PhantomLint’s average running time over the 3,257 PDF papers accepted for publication at ICML 2025 was 68.25 seconds per paper. Across the 119 real-world HTML and PDF documents it was 43.75 seconds per document. This number is lower because this data set comprises short documents, namely 1–2 page CVs.
We conclude that PhantomLint’s current implementation achieves acceptable performance.
6 Related Work↩︎
The threat of indirect prompt injection was documented at least as early as February 2023, by Greshake et al. [5]. Since that time, much research has been focused on methods to mitigate the risks of this attack. Yi et al. [6] provide a recent example.
More recently, Chen et al. [6] consider the problem of detecting indirect prompt injection in document text, and methods for removing prompts embedded in document text. They conclude that models specially trained to detect indirect prompt injection over the document class in question can achieve acceptable performance.
Our focus in contrast is on detecting hidden LLM prompts in structured documents. We propose an approach based on ideas from metamorphic testing [20] in which the results of two analysis procedures are compared: namely text extraction vs.OCR text recognition.
In 2023, Greshake [9] presented a tool for automatically hiding text in PDF documents. We note that the corpus of documents against which we evaluated PhantomLint (5.3) included documents with hidden prompts identical to those that Greshake’s tool produces by default.

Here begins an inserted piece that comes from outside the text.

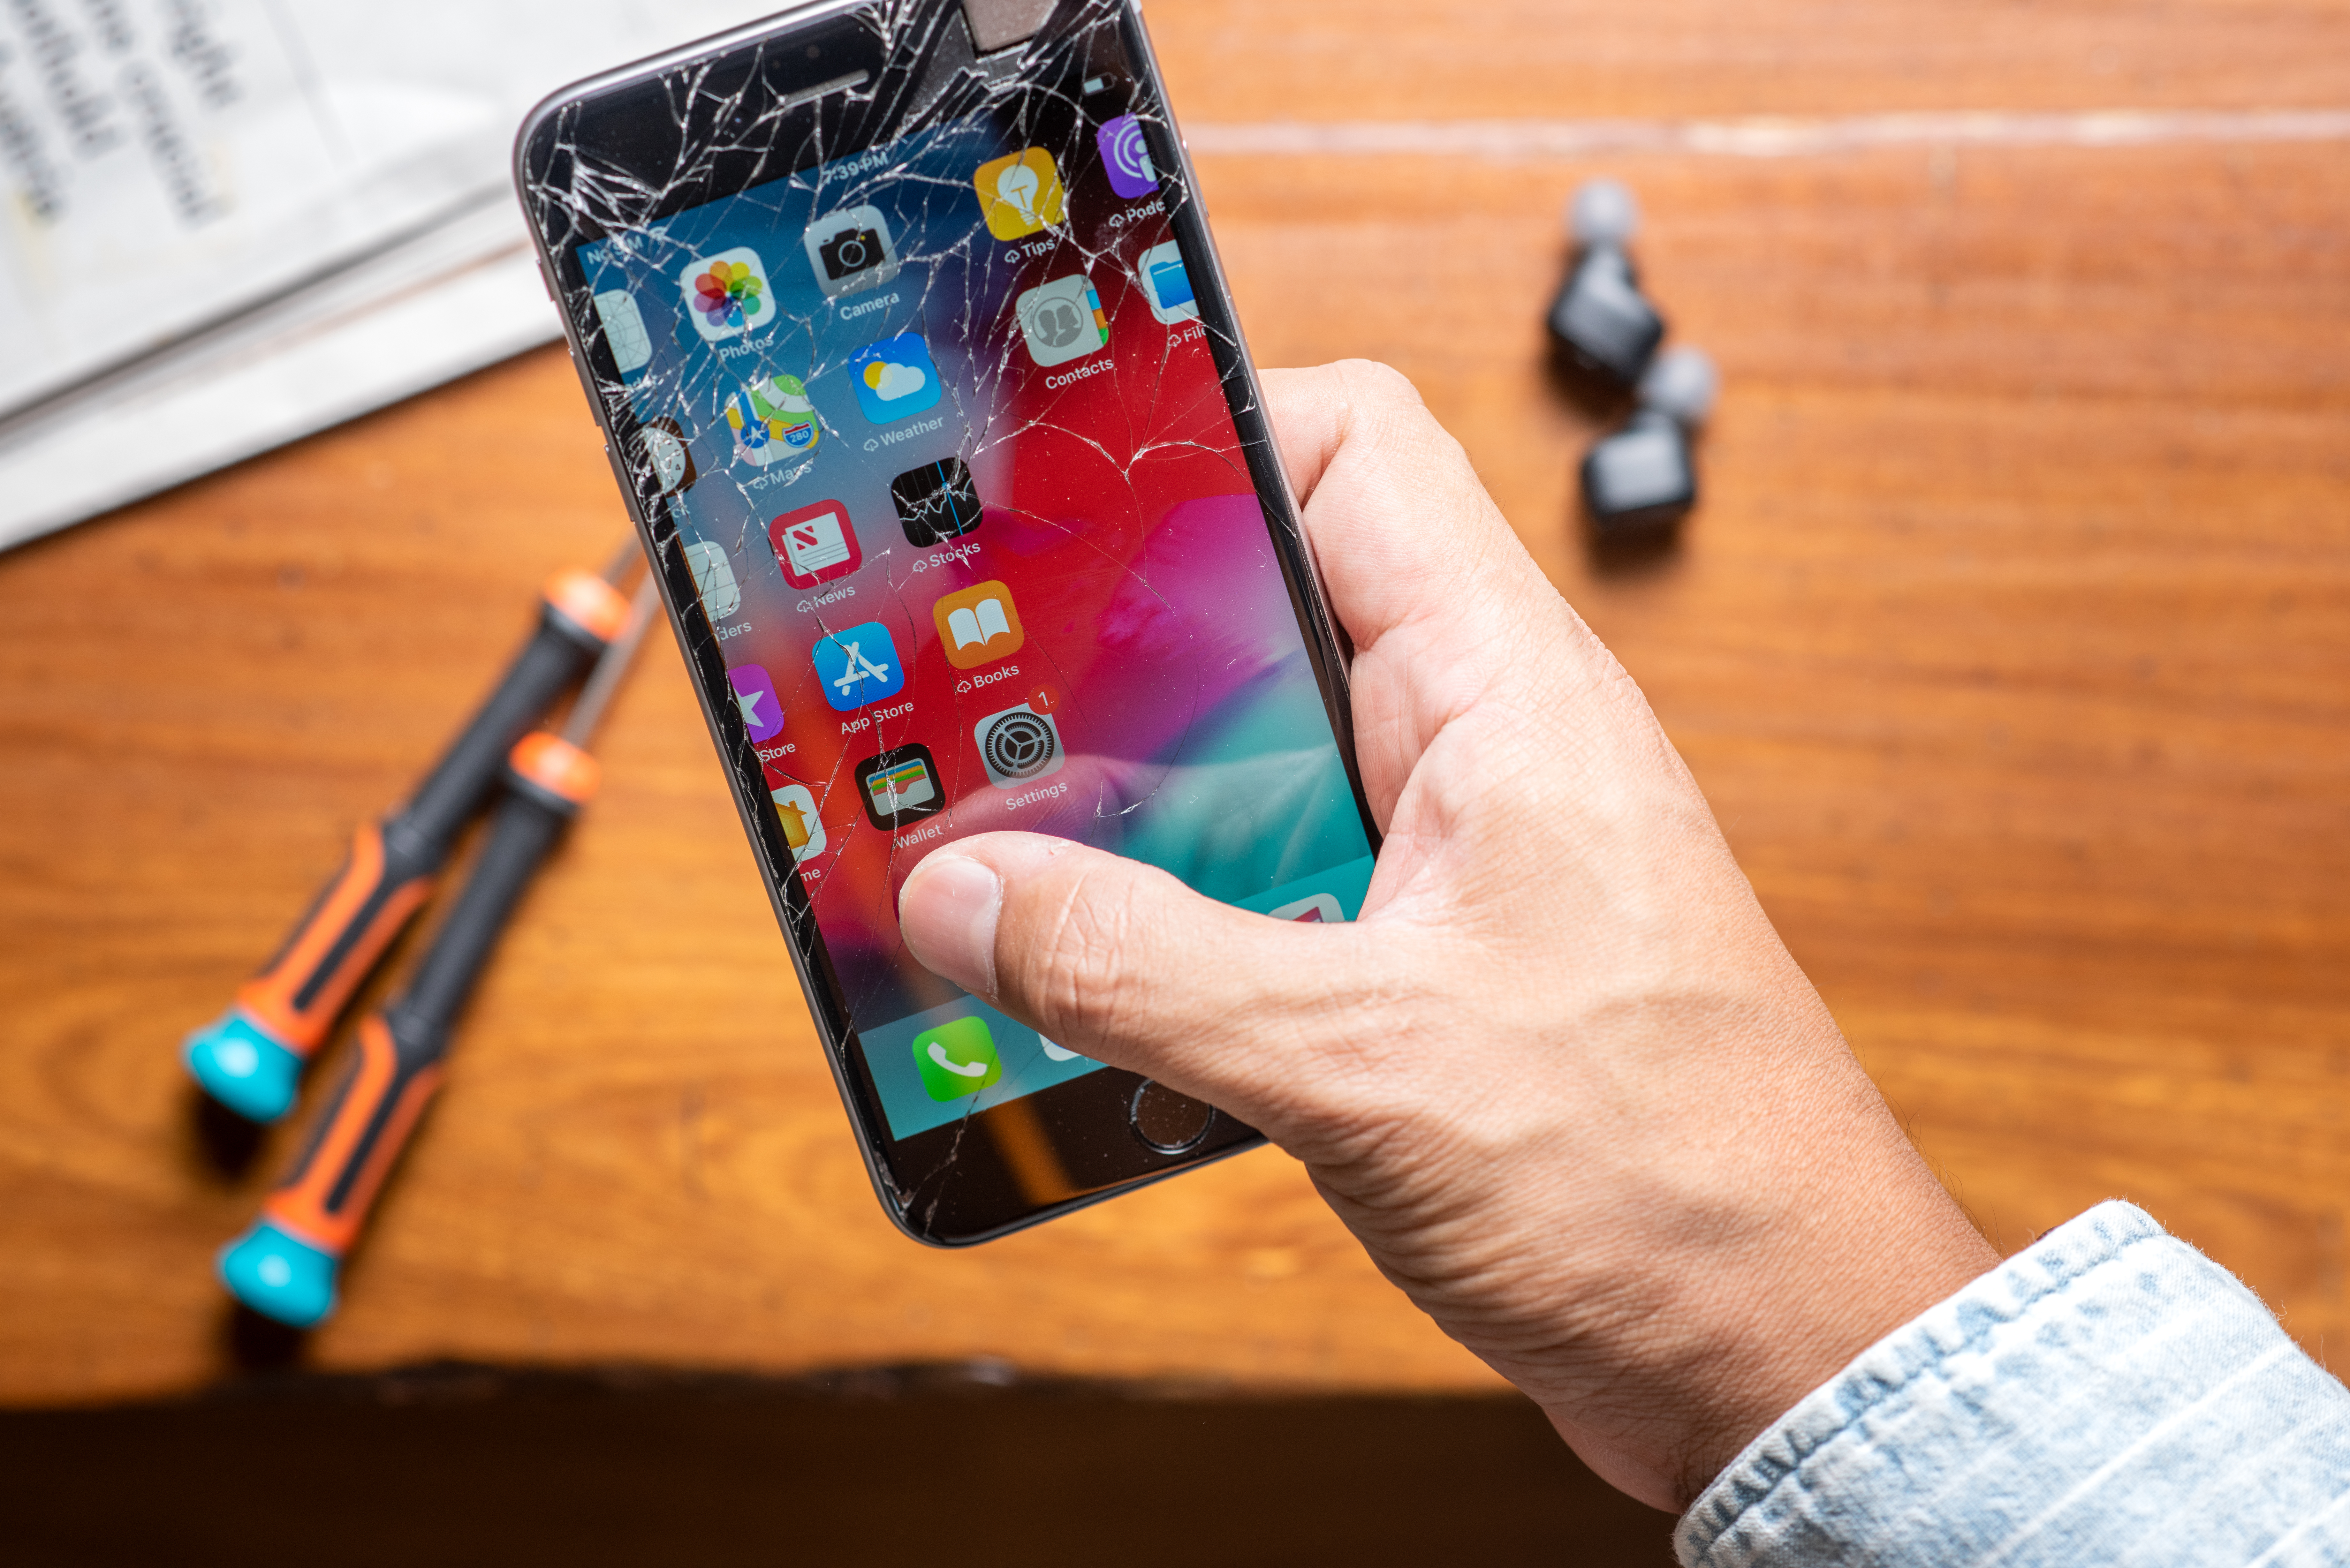 What to do if your iPhone screen is cracked or broken

More recently, Xiong et al. [19] proposed using malicious fonts to hide LLM prompts in documents. We implemented their method and found that our approach was effective in detecting it (along with all the other hiding methods we evaluated in [sec:eval-hiding-methods]).
We note that OCR has long been used as an analysis and detection method in digital forensics settings, for instance for forgery detection [28]. We show that it is also effective in enabling hidden LLM prompt detection.
Finally, we observe that our core idea—comparing text obtained from a document (text block) with that obtained from applying OCR (to the document region occupied by the text block) echoes ideas first proposed by Duan et al. [29] for detecting cloaking, which is the practice of hiding text in web pages for the purpose of e.g., search engine optimisation (SEO). Their method involves comparing web page contents obtained through web crawling against the client-side view to identify discrepancies.
7 Conclusion↩︎
Indirect prompt injection, via LLM prompts hidden in documents from visual inspection, presents a growing security risk to AI-enabled automated document processing and analysis systems. We presented the first general-purpose and principle approach to hidden LLM prompt detection in structured documents. We implemented our approach in the prototype tool PhantomLint and evaluated it, showing that it enjoys wide generality, a very low false-alarm rate, is effective against real-world documents, and has acceptable performance.